My system is 2:1 as in 2 channel and sub. My source Openelec on a Raspberry Pi, analogue out to my amp, a Technics unit, amplifier SU-5A, a 12 Channel SH-E4 graphic eq driving a pair of book shelf speakers SB-F41. oldies but goldies passed down from my mum.
I take a speaker level output and feed it to a stereo low-pass filter crossed 80hz-12db slope. Because i take one channel, the output from my crossover is fed back in to the second crossover channel to give 80hz-24db slope. 
Next in this chain, a Behringer Ultracurve DEQ2496, a 450Wrms BK Electronics amp module and 2x15" Fusion car subs in a manifold doing an IB thing with the adjacent room. 
I watched a Youtube video showing how to Auto EQ and have tweaked the 12 channel Technics eq. I'm happy with its limited control and my Bookshelves sound good.
its my Sub I can't grasp!
I ran Auto eq on it, saw the peaks and troughs and eq'ed it accordingly. It thumps horribly and I'm tempted to use PEQ's to pull the upper bass out.

I need to purchase a USB Sound card for my PC and install REW and measure properly.
I am I correct in that you measure the sub via no low-pass. Then apply filters to tame just the peaks, setting PEQ's in the Ultracurve, then plug the low-pass back into the chain, and finnish off with a House-curve where my ears perceive 100hz to sound the same as 30hz by playing test tones and setting a slope on the GEQ to get that?

I understand its good to measure with various mic positions and get an average, not seeing a complete video on You-tube is disheartening, everyone gets you up and running with sub measuring, but no-one sets up a House-curve.


I also have the digital SPL meter from radioshack and ECM8000 omni-mic.


----------



## Wayne A. Pflughaupt (Apr 13, 2006)

Welcome to the Forum, Mike!

It’s best to equalize with the sub’s crossover in place; that way any phase-induced response issues around the crossover frequency can be addressed.

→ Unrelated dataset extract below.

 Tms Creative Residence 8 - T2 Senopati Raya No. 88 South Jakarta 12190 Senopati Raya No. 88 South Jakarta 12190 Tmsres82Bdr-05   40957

You can use boost or cut filters to eliminate peaks and depressions in response; just keep in mind that nulls (deep, narrow depressions) can’t be addressed.

As for the house curve, the slope is best set with REW using a house curve file (based on the 100 and 30 Hz tones you mentioned) to generate a target curve. Then equalize the sub’s response to the target curve. This is best accomplished with parametric filters.

Regards, 
Wayne


----------